LE MURA DI COMO , DA QUELLE DI CESARE A QUELLE MEDIEVALI, di Sandro Boccia
Dai Romani al Medioevo si può innestare il racconto delle mura della città lariana posta appunto sul uno dei rami del lago di Como da non confondere con l’altro, quello che volge a mezzogiorno (ossia quello di Lecco) come citava il Manzoni nei Promessi Sposi: la cintura muraria è la testimonianza più importante della storia di Como, dall’ originale cesariana con torri aggiunte dal IV al VI secolo d.C. romane un solo lacerto visibile.
In molte città italiane e europee non è insolito imbattersi in monumenti e resti di gran edifici che permettono a chi li osserva di percepire il loro originario splendore e di immaginare come doveva essere la vita in quel luogo durante gli anni di uno dei più grandi imperi dell’ antichità come quello romano.
Anche Como che vanta un fondatore illustre dato che venne edificata nel 59 a.C. per voler di Giulio Cesare nella zona prospiciente il lago e dapprima bonificata in quanto paludosa alla confluenza dei fiumi e costruita con strade parallele e perpendicolari a mo’ di accampamento militare, può offrire numerose attestazioni del suo passato: anche Novum Comum (che sostituì il borgo originario celtico di Spina Verde-Prestino sito in zona collinare a pochi km. dal lago) era dotata di numerose ville, infrastrutture stradali, un teatro e mura in grado di difenderla, come quelle visibili con le terme di viale Lecco o il Ninfeo della villa all’ incrocio tra via Zezio e via Grossi, oltre ai resti in città.
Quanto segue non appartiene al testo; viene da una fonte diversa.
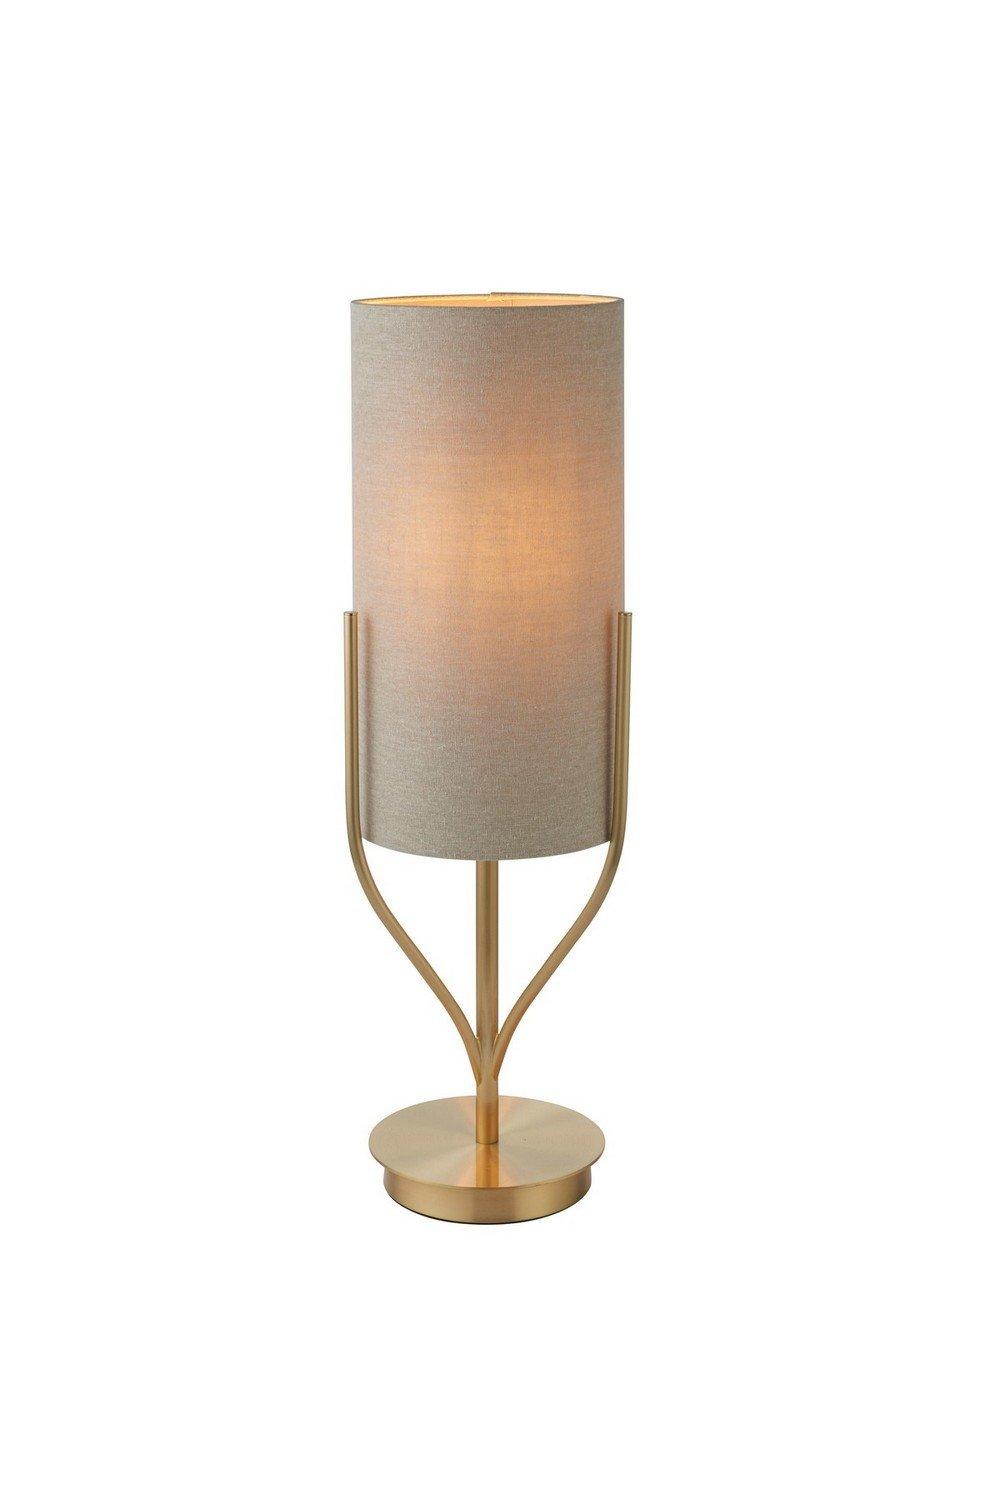 Fraser Base & Shade Table Lamp Satin Brass Plate Natural Linen Mix Fabric

Alcuni di questi tesori come le mura e le sue torri che nel tempo han subito restauri, aggiunte, demolizioni. Grazie alla menzione della cortina muraria (Carme 35 di Catullo indirizzato al poeta comasco Cecilio, la cui statua marmorea abbellisce le mure esterne del locale Duomo lato verso il Teatro sociale che nella parte d’ entrata centrale mostrano le altrettante di Plinio il Vecchio (autore della celeberrima Naturalis Historia nonchè scienziato e ammiraglio della flotta romana e che perì per studiare il fenomeno dell’ eruzione del Vesuvio del 79 d.C. e per dar soccorso alla gente di Pompei, Ercolano e Stabia che cercavano salvezza verso il mare) e di suo nipote Plinio il Giovane (che nelle sue Epistulae ci ha narrato l’evolversi della catastrofe).
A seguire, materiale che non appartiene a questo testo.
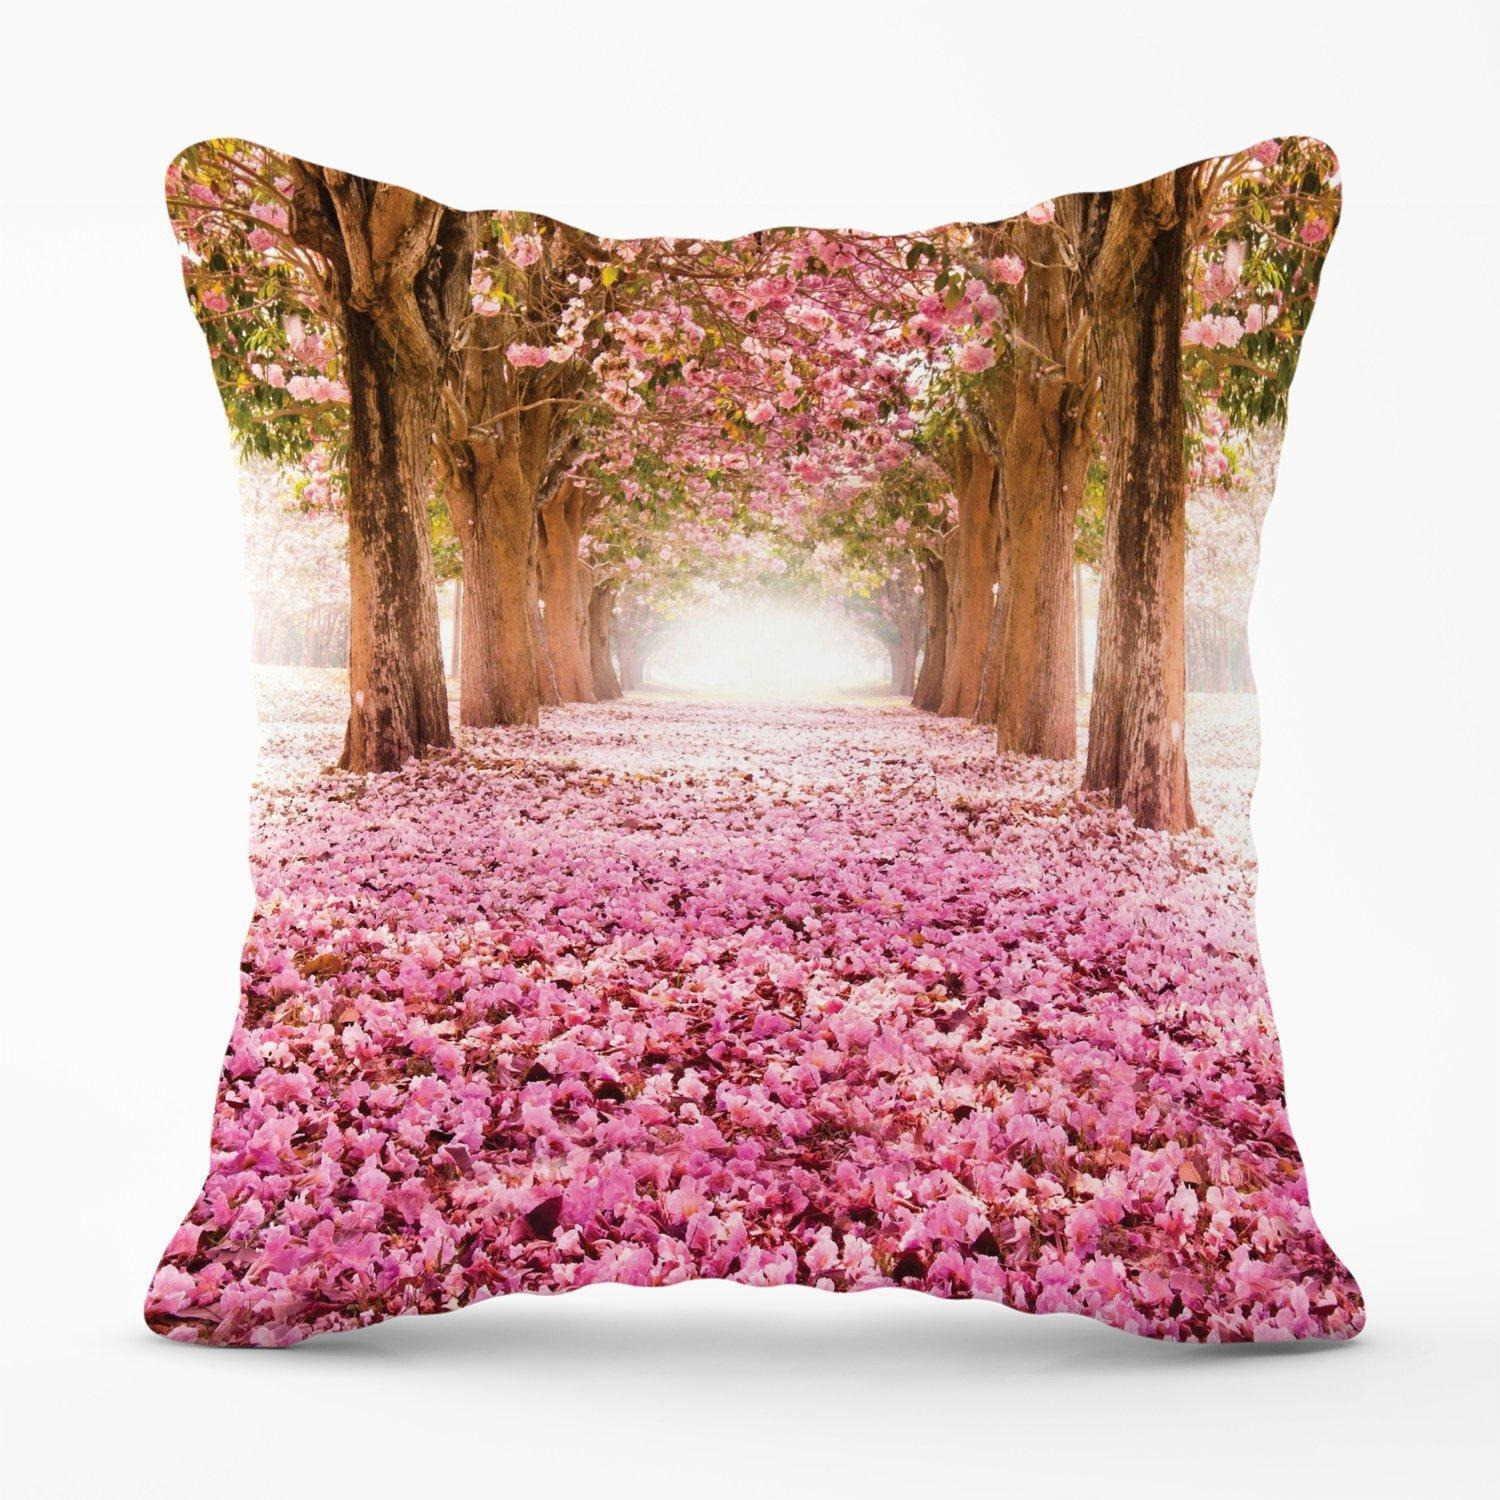 Pink Flower Tree Tunnel Outdoor Cushion - image 1

Siamo a conoscenza che le difese vennero erette con pietra moltrasino e preziosa malta. Poi Porta Pretoria originariamente progettata con due torri ottagonali con accesso principali alla città. Dal quarto secoli in poi sotto la pressione dei popoli barbarici lungo la frontiera dell’ Impero, si decise di potenziare il fronte meridionale costruendo torri semicircolari mentre le strutture rettangolari son relative al VI secolo tanto che Como fu definita baluardo (munimen).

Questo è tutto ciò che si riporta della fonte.